Collapse of the Streaming Promise

After being hailed as the next great hope for entertainment, there is now a sense that something has gone terribly awry in the world of Indian OTTs
Collapse of the Streaming Promise
Collapse of the Streaming Promise

“The mid-budget show is going to die, the kind of shows that people like me make,” said creator of acclaimed web-shows like Kohrra (2023) and Paatal Lok (2020), Sudeep Sharma. Sharma made this statement while on journalist Suchin Mehrotra’s podcast, The Streaming Show. That wasn’t all. Sharma also served some home truths about Mumbai, India’s entertainment capital. “Ambition is not a word you hear in this town. At least I have not heard it in a while,” he said. 

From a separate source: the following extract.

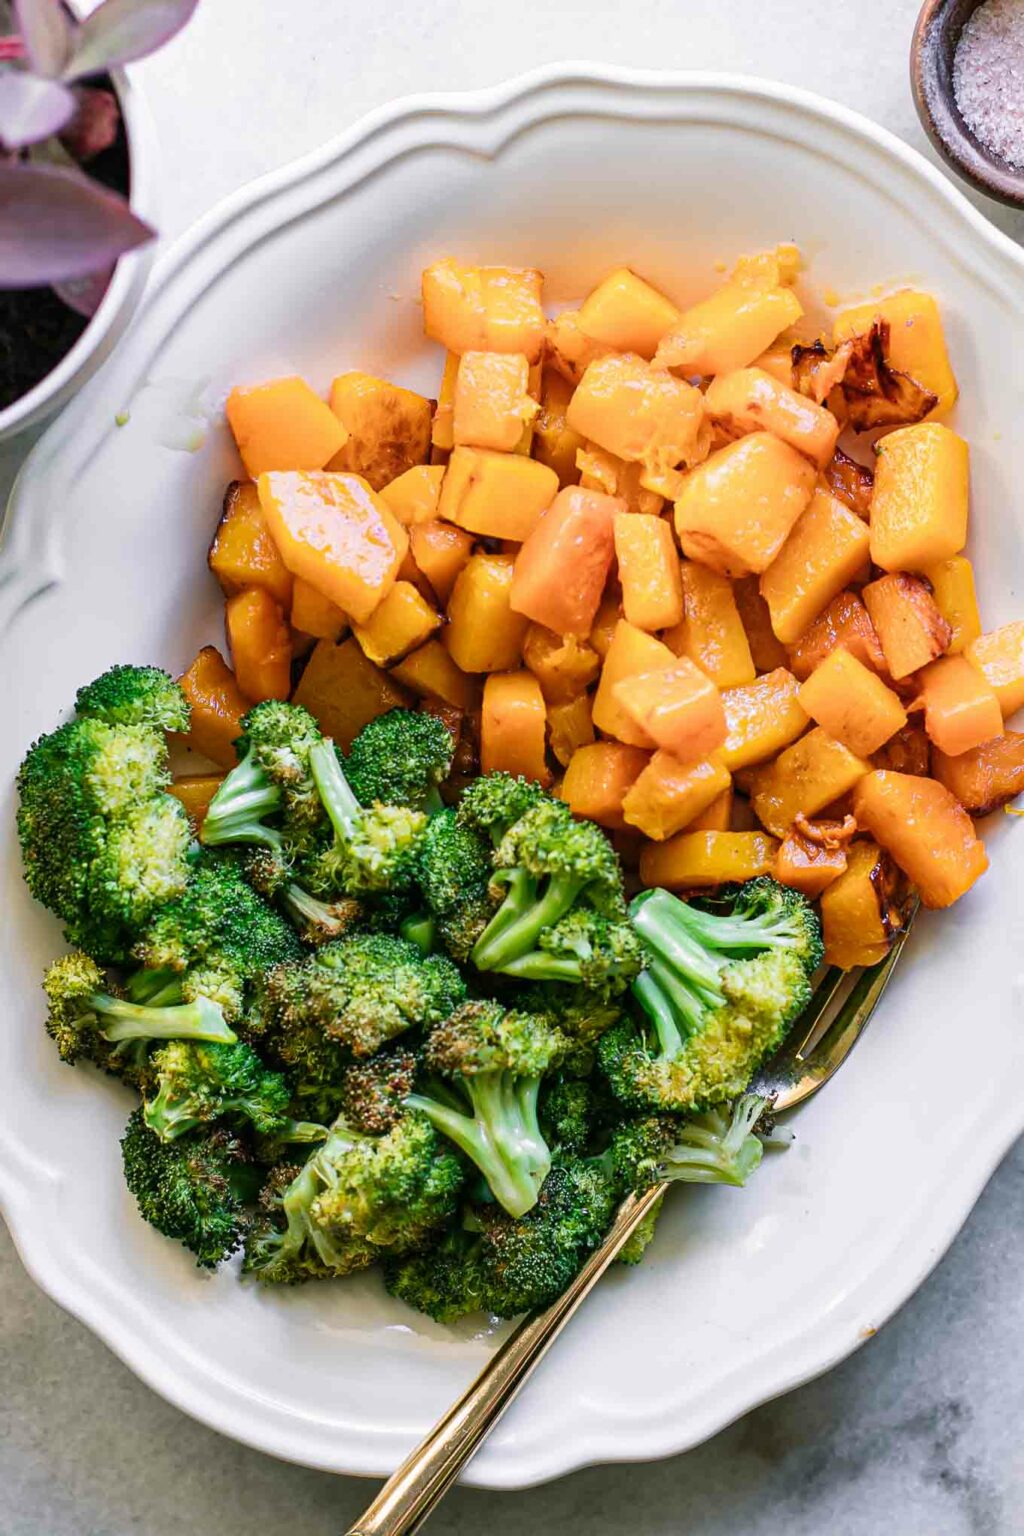 Roasted Butternut Squash and Broccoli ⋆ Fork in the Road

When OTT platforms started gaining traction in India around 2015, they seemed like an avenue for new kinds of stories and filmmaking, for narratives like the ones Sharma told, with patience and particularity, gumption and grit, be it Sacred Games (2018) or Pataal Lok or School Of Lies (2023). “The business model a few years ago was to throw money and get a subscriber at any cost,” said Saugata Mukherjee, Head of Content at SonyLIV. “It doesn’t work and it hasn’t worked globally, where now companies are merging because the cost of content is very high and revenues are dropping.”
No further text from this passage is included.